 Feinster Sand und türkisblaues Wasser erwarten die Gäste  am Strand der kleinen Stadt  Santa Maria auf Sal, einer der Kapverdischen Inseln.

--

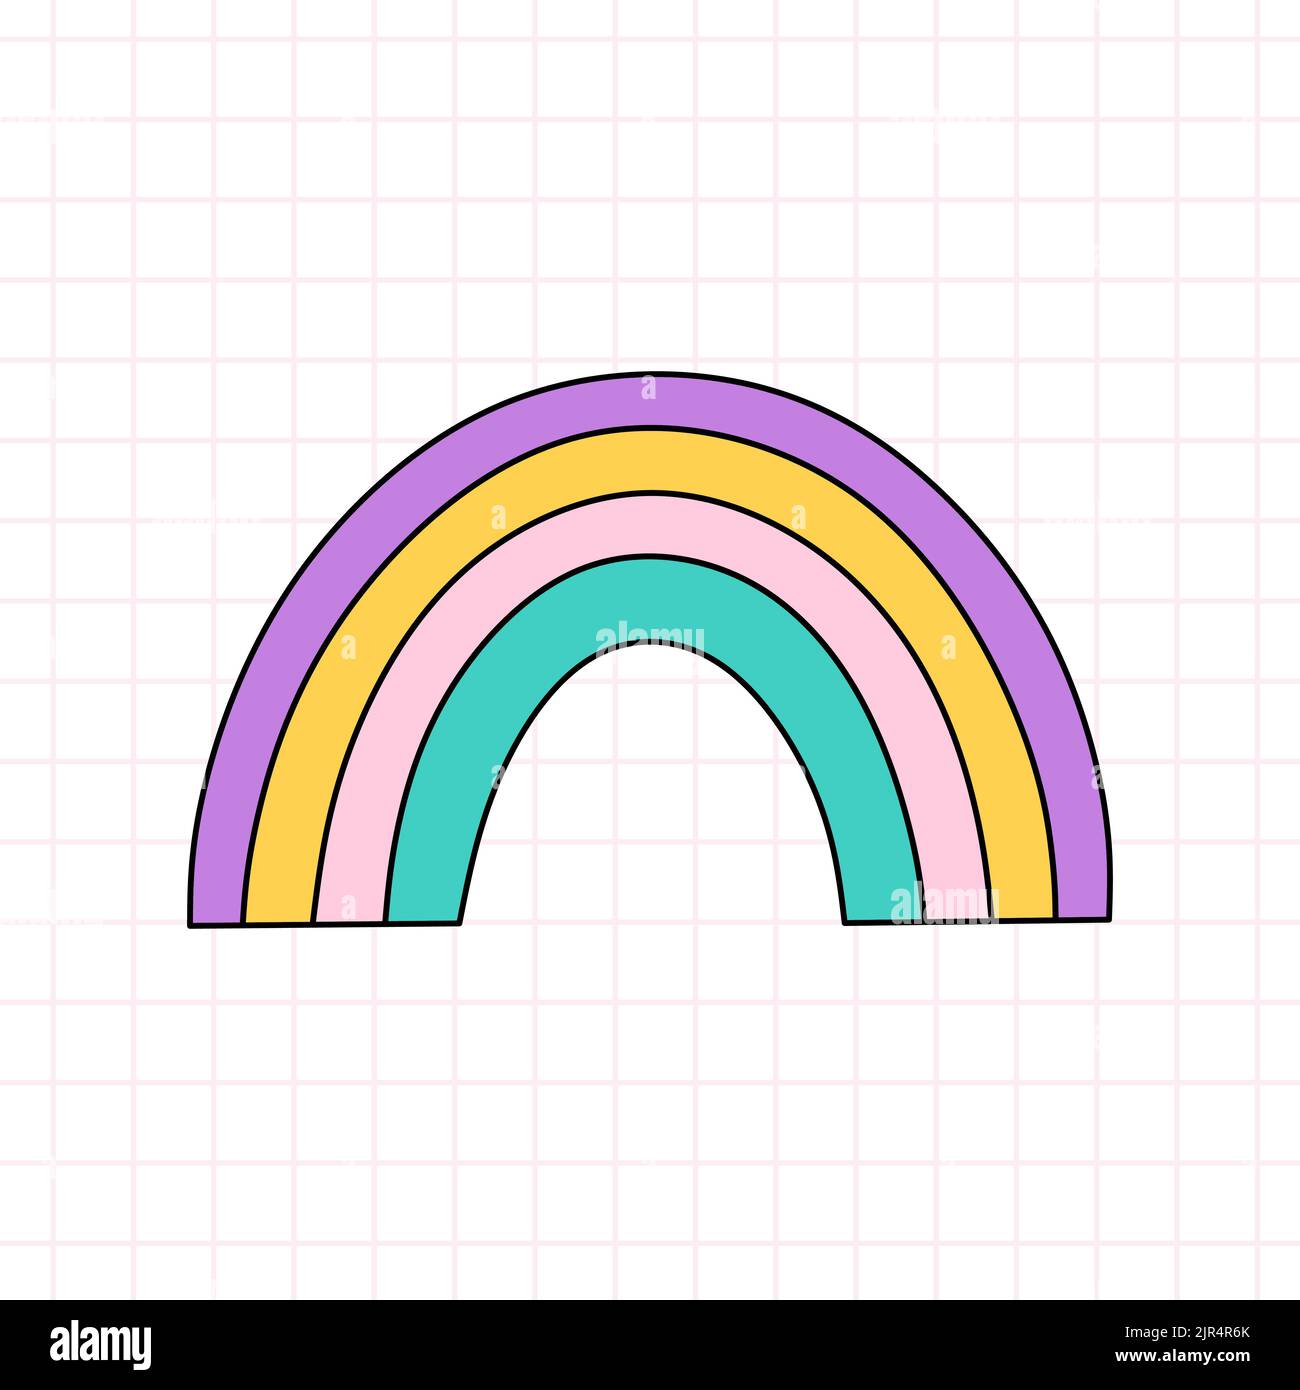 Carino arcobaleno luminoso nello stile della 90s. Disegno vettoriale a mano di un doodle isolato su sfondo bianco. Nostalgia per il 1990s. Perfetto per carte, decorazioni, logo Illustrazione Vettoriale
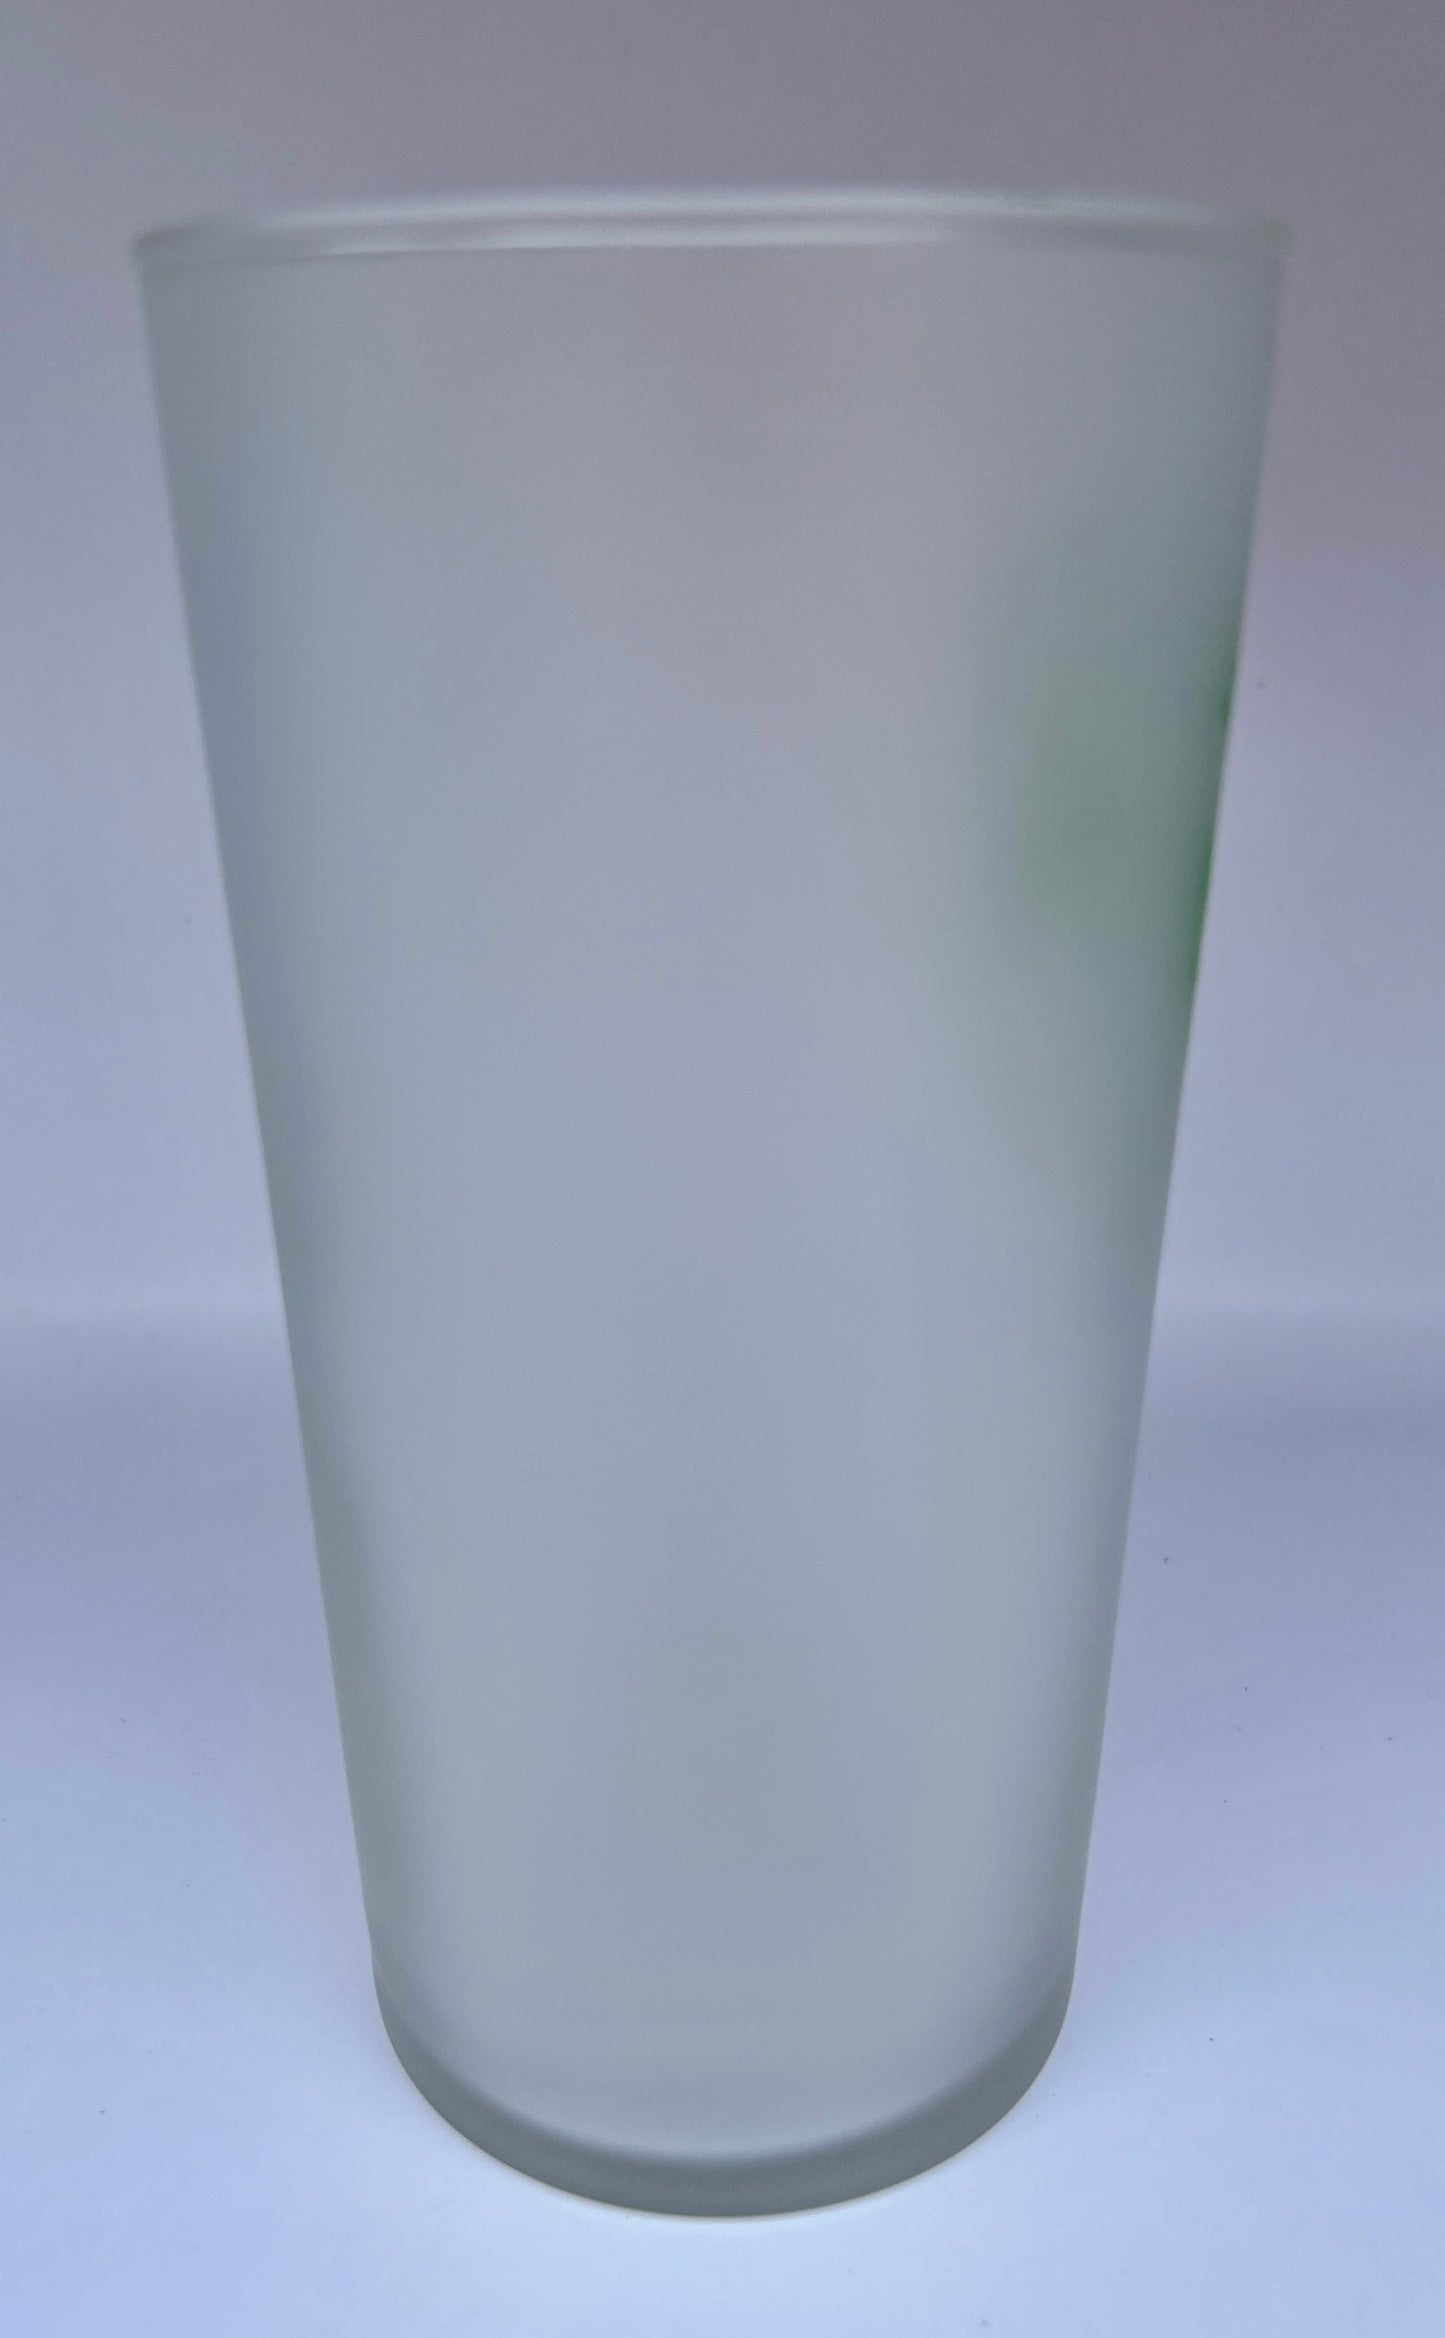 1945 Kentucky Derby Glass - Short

_YOUR INSTRUCTIONS:_
The answer must be the lines above from the one containing "Carino arcobaleno luminoso" through the one containing "1945 Kentucky Derby Glass - Short", reproduced exactly, with no pictures and nothing else.

_FINISHED EXERCISE:_
 Carino arcobaleno luminoso nello stile della 90s. Disegno vettoriale a mano di un doodle isolato su sfondo bianco. Nostalgia per il 1990s. Perfetto per carte, decorazioni, logo Illustrazione Vettoriale
 1945 Kentucky Derby Glass - Short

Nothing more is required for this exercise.